WHAT YOU ARE ASKED TO DO → Please write out all of the data below exactly, without including the pictures.

RECORDED DATA →
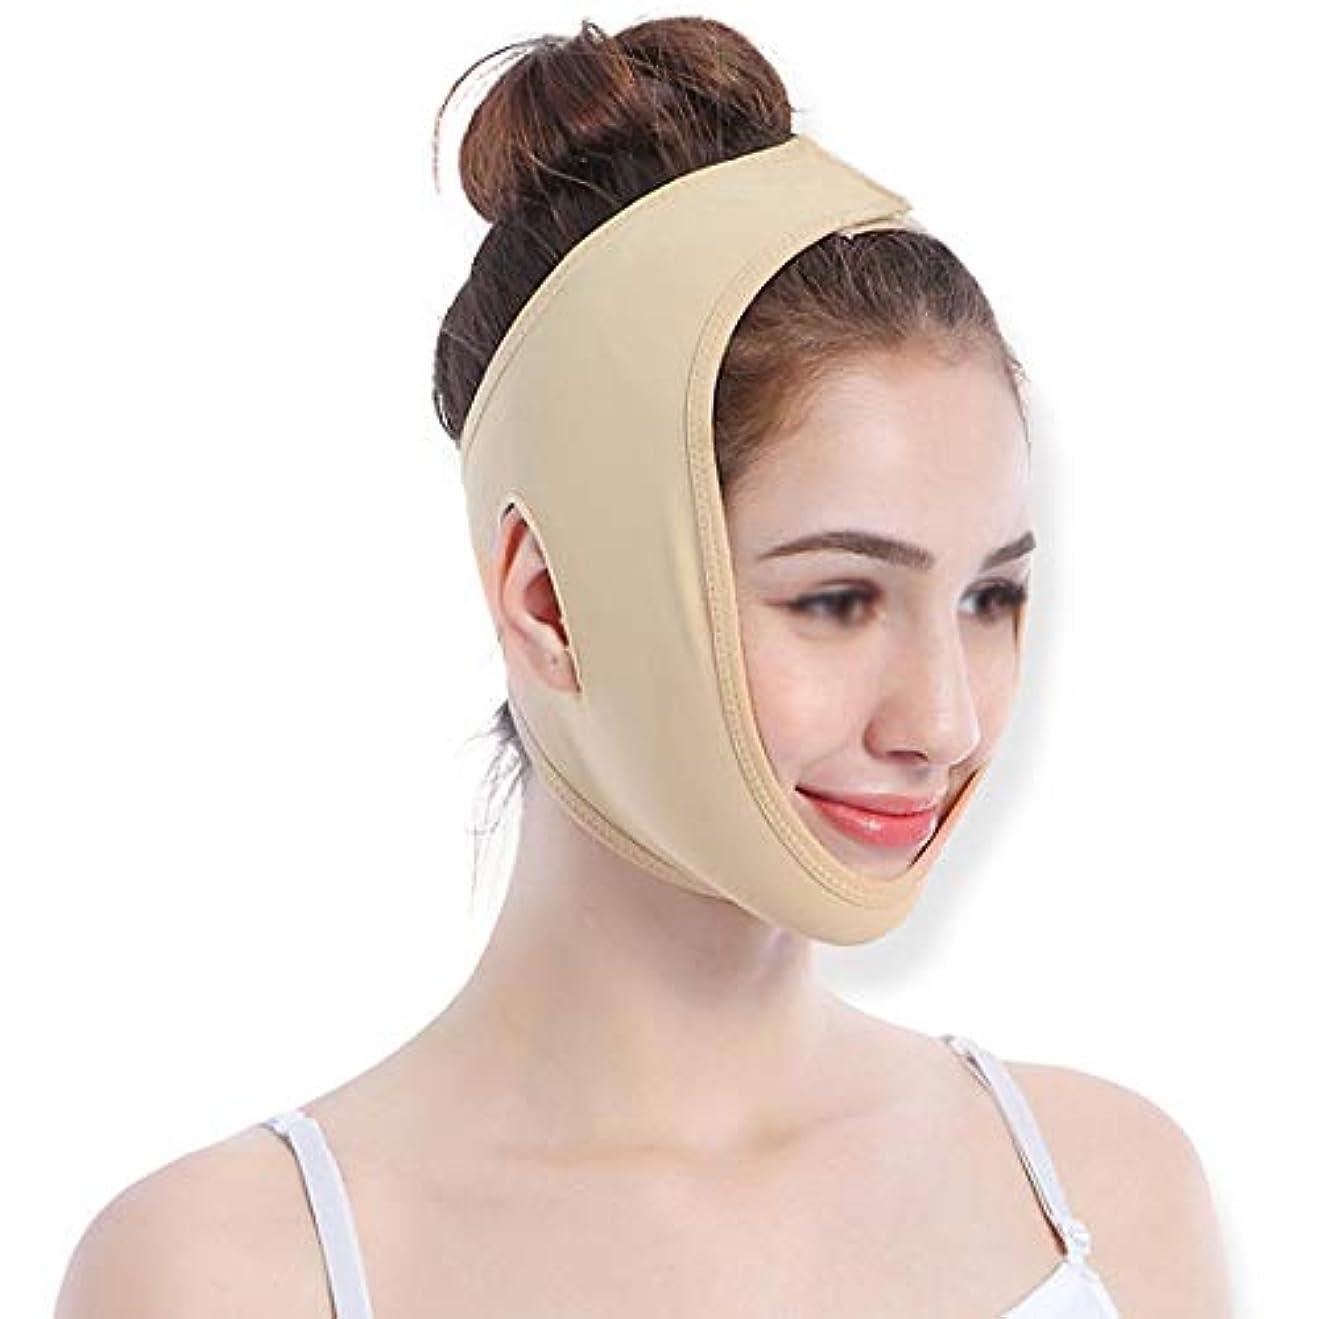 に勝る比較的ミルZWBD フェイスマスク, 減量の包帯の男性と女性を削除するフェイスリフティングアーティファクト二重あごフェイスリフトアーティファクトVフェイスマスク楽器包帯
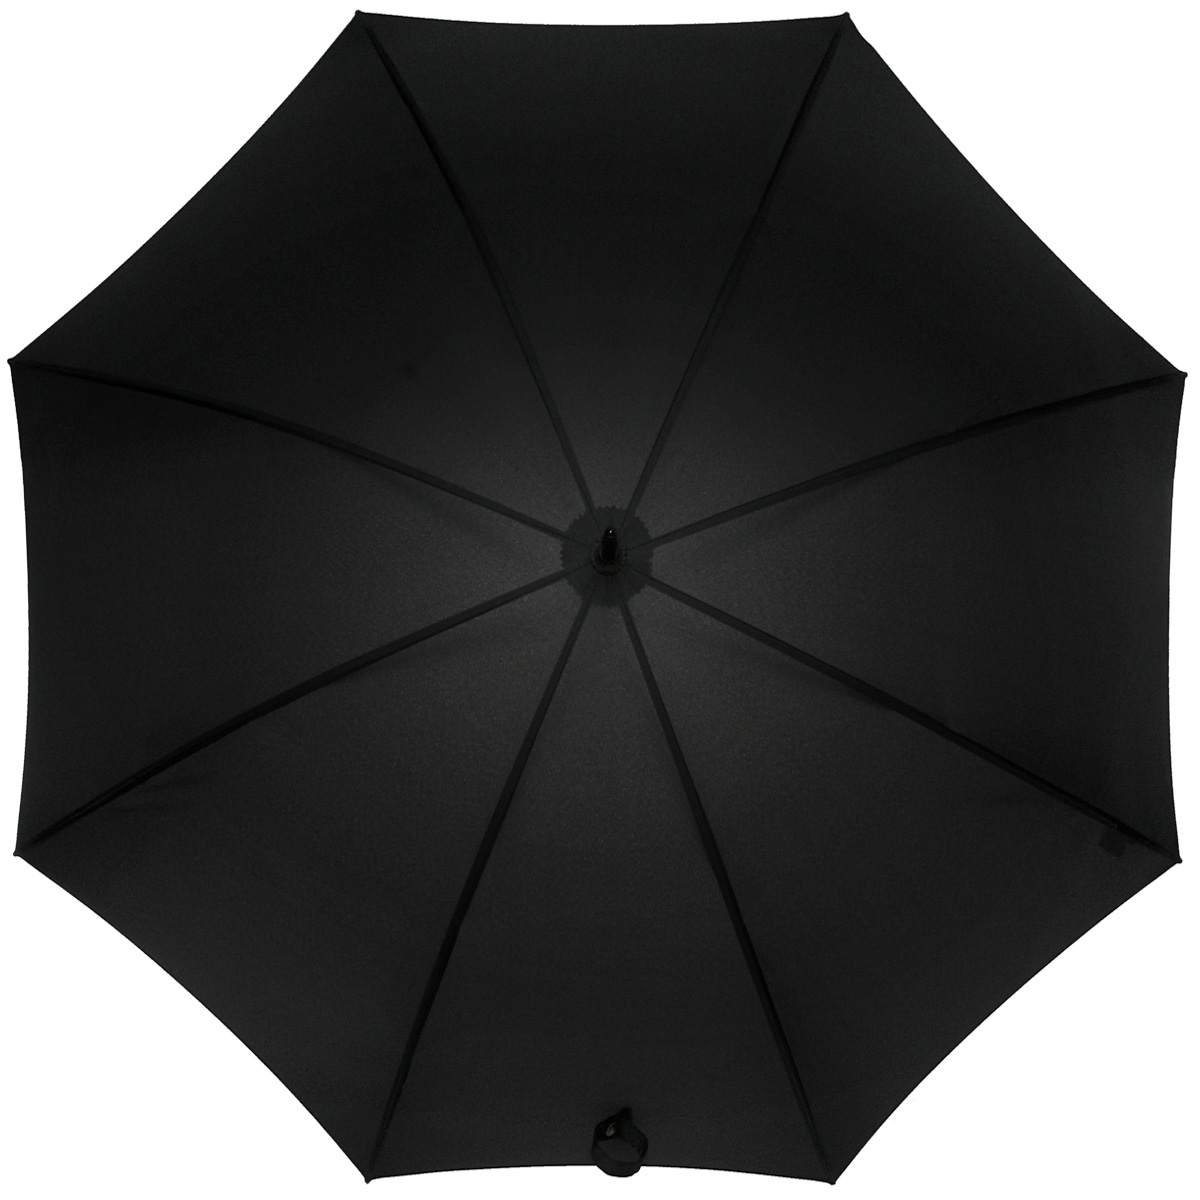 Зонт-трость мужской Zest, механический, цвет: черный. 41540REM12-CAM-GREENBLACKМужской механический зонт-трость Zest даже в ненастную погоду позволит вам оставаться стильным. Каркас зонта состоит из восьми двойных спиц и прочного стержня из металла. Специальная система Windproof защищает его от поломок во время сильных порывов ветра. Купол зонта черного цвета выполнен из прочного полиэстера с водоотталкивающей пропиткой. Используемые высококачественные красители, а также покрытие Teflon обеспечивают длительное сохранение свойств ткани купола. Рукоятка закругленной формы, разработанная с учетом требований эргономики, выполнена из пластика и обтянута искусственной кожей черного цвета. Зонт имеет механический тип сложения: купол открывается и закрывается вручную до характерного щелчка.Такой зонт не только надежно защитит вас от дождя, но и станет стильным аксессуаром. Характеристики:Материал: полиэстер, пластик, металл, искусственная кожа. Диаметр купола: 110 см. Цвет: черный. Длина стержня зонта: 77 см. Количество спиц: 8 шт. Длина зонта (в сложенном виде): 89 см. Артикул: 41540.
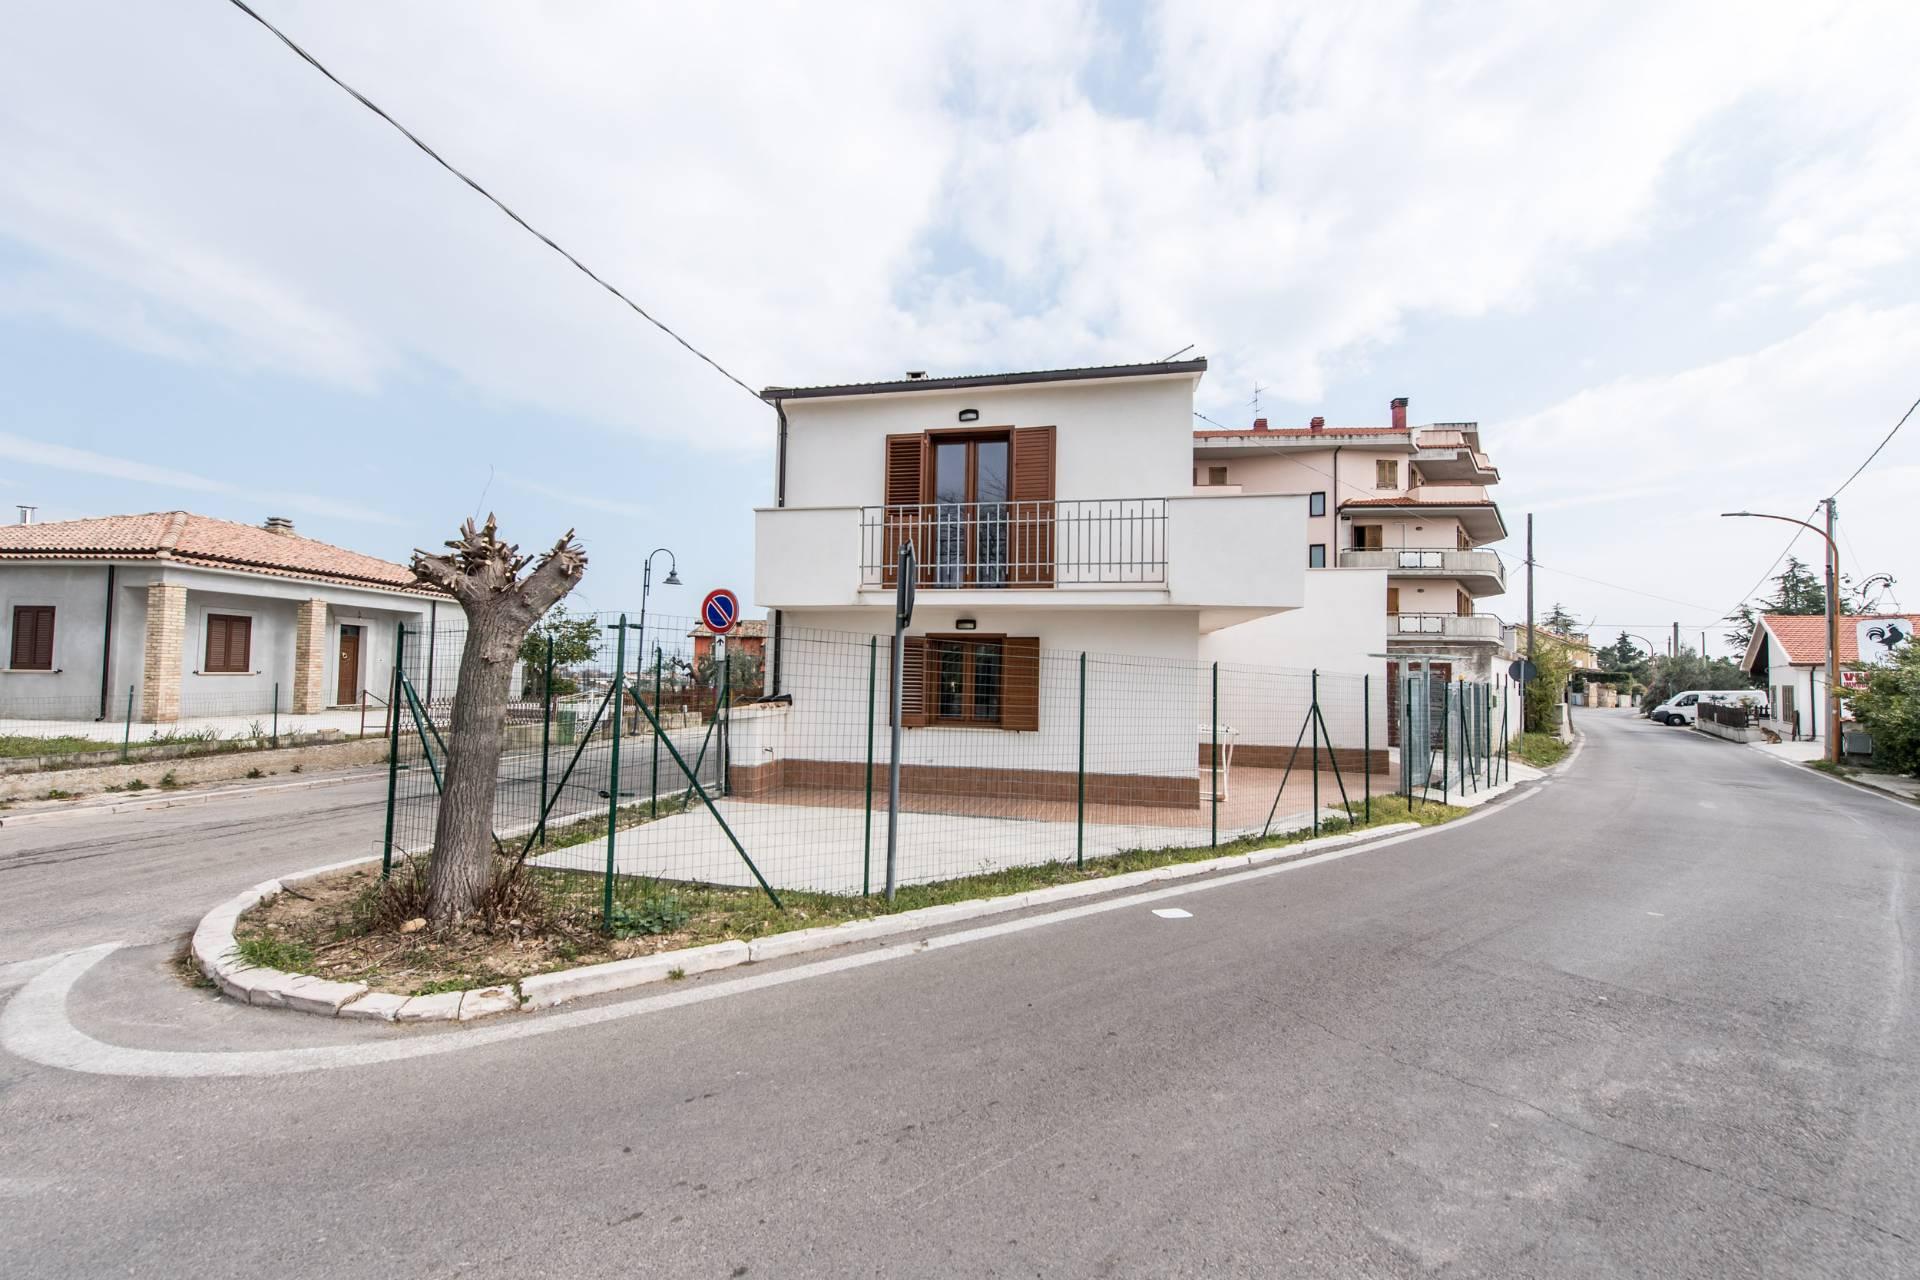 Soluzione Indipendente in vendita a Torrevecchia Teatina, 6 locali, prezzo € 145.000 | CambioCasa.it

PROBLEM SOLUTION →
 に勝る比較的ミルZWBD フェイスマスク, 減量の包帯の男性と女性を削除するフェイスリフティングアーティファクト二重あごフェイスリフトアーティファクトVフェイスマスク楽器包帯
 Зонт-трость мужской Zest, механический, цвет: черный. 41540REM12-CAM-GREENBLACKМужской механический зонт-трость Zest даже в ненастную погоду позволит вам оставаться стильным. Каркас зонта состоит из восьми двойных спиц и прочного стержня из металла. Специальная система Windproof защищает его от поломок во время сильных порывов ветра. Купол зонта черного цвета выполнен из прочного полиэстера с водоотталкивающей пропиткой. Используемые высококачественные красители, а также покрытие Teflon обеспечивают длительное сохранение свойств ткани купола. Рукоятка закругленной формы, разработанная с учетом требований эргономики, выполнена из пластика и обтянута искусственной кожей черного цвета. Зонт имеет механический тип сложения: купол открывается и закрывается вручную до характерного щелчка.Такой зонт не только надежно защитит вас от дождя, но и станет стильным аксессуаром. Характеристики:Материал: полиэстер, пластик, металл, искусственная кожа. Диаметр купола: 110 см. Цвет: черный. Длина стержня зонта: 77 см. Количество спиц: 8 шт. Длина зонта (в сложенном виде): 89 см. Артикул: 41540.
 Soluzione Indipendente in vendita a Torrevecchia Teatina, 6 locali, prezzo € 145.000 | CambioCasa.it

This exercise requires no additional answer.